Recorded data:
[Start of section]
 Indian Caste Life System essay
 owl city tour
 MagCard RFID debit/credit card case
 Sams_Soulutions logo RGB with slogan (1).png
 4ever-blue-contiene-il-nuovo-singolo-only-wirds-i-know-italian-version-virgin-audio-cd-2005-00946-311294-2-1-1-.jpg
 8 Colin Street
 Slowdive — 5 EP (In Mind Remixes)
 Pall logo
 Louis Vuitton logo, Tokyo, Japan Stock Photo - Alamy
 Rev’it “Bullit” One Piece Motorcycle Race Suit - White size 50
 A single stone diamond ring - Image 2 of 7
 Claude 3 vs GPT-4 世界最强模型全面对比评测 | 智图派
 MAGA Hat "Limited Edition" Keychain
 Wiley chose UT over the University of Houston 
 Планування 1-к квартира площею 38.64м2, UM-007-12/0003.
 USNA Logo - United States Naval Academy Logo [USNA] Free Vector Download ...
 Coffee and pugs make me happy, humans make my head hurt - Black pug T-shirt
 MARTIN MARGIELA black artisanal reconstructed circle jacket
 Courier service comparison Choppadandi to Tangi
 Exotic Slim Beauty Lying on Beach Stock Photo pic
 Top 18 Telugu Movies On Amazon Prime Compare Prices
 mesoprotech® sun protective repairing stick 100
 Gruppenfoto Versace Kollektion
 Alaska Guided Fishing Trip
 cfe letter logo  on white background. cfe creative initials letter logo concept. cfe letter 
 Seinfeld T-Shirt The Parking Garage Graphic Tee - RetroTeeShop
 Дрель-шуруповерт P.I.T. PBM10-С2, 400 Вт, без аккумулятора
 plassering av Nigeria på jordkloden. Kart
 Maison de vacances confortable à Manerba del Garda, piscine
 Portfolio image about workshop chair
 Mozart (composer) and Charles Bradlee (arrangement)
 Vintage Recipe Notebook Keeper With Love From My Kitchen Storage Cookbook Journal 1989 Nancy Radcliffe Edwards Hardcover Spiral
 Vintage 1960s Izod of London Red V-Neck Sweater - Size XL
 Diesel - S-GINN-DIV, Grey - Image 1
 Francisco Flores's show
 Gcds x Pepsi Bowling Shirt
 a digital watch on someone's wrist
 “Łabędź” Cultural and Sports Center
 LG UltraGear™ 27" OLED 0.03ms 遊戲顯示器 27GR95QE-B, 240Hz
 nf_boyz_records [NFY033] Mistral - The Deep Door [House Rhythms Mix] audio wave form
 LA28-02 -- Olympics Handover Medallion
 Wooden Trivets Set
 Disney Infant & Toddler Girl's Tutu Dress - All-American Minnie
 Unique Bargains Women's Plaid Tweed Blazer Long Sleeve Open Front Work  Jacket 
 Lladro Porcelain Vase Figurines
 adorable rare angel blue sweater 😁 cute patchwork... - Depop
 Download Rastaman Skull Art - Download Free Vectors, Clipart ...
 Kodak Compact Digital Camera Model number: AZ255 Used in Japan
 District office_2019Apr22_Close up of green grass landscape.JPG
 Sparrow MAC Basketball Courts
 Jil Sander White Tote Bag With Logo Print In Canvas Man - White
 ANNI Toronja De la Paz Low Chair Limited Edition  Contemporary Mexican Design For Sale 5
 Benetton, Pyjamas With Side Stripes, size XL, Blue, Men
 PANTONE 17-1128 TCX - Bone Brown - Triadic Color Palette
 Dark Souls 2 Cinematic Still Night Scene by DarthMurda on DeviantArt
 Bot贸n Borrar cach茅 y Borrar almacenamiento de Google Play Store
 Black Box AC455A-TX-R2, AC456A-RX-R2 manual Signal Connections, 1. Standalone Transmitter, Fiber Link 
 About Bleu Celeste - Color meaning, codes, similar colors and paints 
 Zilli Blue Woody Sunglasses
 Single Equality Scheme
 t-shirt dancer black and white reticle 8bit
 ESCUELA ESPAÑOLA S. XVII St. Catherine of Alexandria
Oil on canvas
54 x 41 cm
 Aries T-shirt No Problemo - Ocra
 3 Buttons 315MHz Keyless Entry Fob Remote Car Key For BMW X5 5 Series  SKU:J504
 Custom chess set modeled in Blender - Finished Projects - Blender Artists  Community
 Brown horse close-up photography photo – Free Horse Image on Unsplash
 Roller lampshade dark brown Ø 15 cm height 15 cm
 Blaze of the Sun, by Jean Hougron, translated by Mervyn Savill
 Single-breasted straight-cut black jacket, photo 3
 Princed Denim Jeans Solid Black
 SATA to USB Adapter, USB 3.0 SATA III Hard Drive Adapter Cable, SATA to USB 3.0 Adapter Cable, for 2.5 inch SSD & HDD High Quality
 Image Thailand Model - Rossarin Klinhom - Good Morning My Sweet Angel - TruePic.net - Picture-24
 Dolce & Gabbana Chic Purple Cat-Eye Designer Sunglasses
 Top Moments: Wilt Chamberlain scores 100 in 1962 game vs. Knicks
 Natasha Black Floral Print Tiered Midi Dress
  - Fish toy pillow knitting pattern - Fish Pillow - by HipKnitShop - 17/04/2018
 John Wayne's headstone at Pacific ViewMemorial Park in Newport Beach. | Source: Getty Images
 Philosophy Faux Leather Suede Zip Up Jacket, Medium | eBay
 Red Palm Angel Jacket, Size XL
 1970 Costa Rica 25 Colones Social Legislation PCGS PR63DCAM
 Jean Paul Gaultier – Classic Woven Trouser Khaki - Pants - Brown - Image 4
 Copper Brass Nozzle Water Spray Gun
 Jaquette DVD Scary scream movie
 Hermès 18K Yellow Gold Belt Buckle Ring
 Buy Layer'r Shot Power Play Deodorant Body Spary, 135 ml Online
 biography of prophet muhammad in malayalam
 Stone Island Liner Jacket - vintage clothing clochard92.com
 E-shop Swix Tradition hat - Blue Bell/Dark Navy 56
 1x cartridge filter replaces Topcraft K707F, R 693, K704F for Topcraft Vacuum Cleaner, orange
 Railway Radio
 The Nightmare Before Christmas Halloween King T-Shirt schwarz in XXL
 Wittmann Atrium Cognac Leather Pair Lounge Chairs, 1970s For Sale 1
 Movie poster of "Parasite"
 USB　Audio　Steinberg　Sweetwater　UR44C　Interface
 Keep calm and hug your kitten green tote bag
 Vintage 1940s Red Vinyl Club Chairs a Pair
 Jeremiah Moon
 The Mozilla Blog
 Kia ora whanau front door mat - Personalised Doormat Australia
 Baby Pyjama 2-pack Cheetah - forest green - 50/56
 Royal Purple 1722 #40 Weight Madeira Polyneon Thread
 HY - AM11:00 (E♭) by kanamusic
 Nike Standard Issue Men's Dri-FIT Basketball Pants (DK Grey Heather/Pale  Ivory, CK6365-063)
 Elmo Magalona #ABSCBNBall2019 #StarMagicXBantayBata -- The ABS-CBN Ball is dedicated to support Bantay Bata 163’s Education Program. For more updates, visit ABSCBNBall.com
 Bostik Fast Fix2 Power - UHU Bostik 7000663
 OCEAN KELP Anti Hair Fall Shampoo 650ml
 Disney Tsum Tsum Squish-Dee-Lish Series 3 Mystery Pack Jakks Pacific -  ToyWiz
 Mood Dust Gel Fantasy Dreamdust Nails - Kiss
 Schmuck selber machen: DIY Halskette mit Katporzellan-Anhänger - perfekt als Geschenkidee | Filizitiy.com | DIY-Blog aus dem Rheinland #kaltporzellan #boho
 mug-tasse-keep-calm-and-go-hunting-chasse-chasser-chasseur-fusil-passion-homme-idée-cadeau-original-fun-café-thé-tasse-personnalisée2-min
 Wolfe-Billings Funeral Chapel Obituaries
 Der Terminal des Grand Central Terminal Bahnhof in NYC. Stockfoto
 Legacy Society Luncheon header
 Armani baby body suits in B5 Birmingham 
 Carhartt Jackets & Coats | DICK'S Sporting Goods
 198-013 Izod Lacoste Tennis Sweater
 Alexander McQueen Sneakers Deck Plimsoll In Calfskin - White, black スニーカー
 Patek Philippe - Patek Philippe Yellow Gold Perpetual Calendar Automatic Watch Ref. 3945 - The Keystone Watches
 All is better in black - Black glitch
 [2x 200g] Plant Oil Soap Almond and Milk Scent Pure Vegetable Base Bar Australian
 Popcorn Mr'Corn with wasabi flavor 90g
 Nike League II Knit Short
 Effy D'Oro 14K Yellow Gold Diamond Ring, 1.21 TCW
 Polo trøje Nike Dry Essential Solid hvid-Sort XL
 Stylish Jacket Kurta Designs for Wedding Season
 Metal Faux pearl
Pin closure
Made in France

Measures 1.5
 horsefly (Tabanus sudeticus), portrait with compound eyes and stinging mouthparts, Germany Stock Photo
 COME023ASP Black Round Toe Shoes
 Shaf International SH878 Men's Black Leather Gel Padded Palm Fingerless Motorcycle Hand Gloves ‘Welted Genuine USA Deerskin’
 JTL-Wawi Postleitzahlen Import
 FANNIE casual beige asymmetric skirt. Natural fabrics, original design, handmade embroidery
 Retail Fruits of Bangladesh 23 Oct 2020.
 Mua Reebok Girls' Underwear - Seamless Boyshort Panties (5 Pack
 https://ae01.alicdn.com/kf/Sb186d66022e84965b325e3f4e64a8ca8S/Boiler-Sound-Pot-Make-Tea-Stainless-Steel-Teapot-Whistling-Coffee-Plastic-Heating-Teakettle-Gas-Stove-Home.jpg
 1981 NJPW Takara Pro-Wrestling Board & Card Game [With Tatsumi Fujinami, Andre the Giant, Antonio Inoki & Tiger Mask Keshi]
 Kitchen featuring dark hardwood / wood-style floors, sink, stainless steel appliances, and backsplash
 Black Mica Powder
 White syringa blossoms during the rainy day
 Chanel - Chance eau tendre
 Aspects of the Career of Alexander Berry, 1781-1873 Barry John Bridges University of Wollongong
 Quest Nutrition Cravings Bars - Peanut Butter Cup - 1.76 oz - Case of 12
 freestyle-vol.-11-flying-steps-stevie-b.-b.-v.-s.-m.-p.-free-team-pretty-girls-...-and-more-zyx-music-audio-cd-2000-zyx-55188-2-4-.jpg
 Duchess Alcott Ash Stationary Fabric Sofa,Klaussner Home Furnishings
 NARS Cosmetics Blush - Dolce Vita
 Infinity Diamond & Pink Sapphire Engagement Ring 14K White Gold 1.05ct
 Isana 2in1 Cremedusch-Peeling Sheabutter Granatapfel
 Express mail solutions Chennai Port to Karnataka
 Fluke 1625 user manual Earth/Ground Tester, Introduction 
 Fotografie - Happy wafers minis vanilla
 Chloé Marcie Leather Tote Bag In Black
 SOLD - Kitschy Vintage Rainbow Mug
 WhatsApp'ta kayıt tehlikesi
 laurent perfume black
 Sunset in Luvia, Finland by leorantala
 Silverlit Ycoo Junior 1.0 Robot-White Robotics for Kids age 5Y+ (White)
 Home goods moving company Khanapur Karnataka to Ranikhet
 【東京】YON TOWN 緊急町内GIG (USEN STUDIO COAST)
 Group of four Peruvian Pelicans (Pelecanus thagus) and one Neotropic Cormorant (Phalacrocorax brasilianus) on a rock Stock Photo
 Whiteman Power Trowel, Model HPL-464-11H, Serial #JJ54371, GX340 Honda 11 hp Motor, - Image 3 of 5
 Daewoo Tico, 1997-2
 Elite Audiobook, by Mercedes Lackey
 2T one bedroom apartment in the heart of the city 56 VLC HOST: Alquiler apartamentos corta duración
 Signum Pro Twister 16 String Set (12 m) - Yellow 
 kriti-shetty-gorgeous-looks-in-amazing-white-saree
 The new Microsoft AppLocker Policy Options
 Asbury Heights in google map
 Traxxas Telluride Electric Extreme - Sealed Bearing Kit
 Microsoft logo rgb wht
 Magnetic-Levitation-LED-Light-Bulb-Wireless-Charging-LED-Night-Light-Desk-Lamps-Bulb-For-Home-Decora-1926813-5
[End of section]
* AIM OF THE EXERCISE:
Your answer must be the lines above from the one containing "Custom chess set" to the one containing "Jean Paul Gaultier", both included, restated word for word.

* SOLUTION TO THIS PROBLEM:
 Custom chess set modeled in Blender - Finished Projects - Blender Artists  Community
 Brown horse close-up photography photo – Free Horse Image on Unsplash
 Roller lampshade dark brown Ø 15 cm height 15 cm
 Blaze of the Sun, by Jean Hougron, translated by Mervyn Savill
 Single-breasted straight-cut black jacket, photo 3
 Princed Denim Jeans Solid Black
 SATA to USB Adapter, USB 3.0 SATA III Hard Drive Adapter Cable, SATA to USB 3.0 Adapter Cable, for 2.5 inch SSD & HDD High Quality
 Image Thailand Model - Rossarin Klinhom - Good Morning My Sweet Angel - TruePic.net - Picture-24
 Dolce & Gabbana Chic Purple Cat-Eye Designer Sunglasses
 Top Moments: Wilt Chamberlain scores 100 in 1962 game vs. Knicks
 Natasha Black Floral Print Tiered Midi Dress
  - Fish toy pillow knitting pattern - Fish Pillow - by HipKnitShop - 17/04/2018
 John Wayne's headstone at Pacific ViewMemorial Park in Newport Beach. | Source: Getty Images
 Philosophy Faux Leather Suede Zip Up Jacket, Medium | eBay
 Red Palm Angel Jacket, Size XL
 1970 Costa Rica 25 Colones Social Legislation PCGS PR63DCAM
 Jean Paul Gaultier – Classic Woven Trouser Khaki - Pants - Brown - Image 4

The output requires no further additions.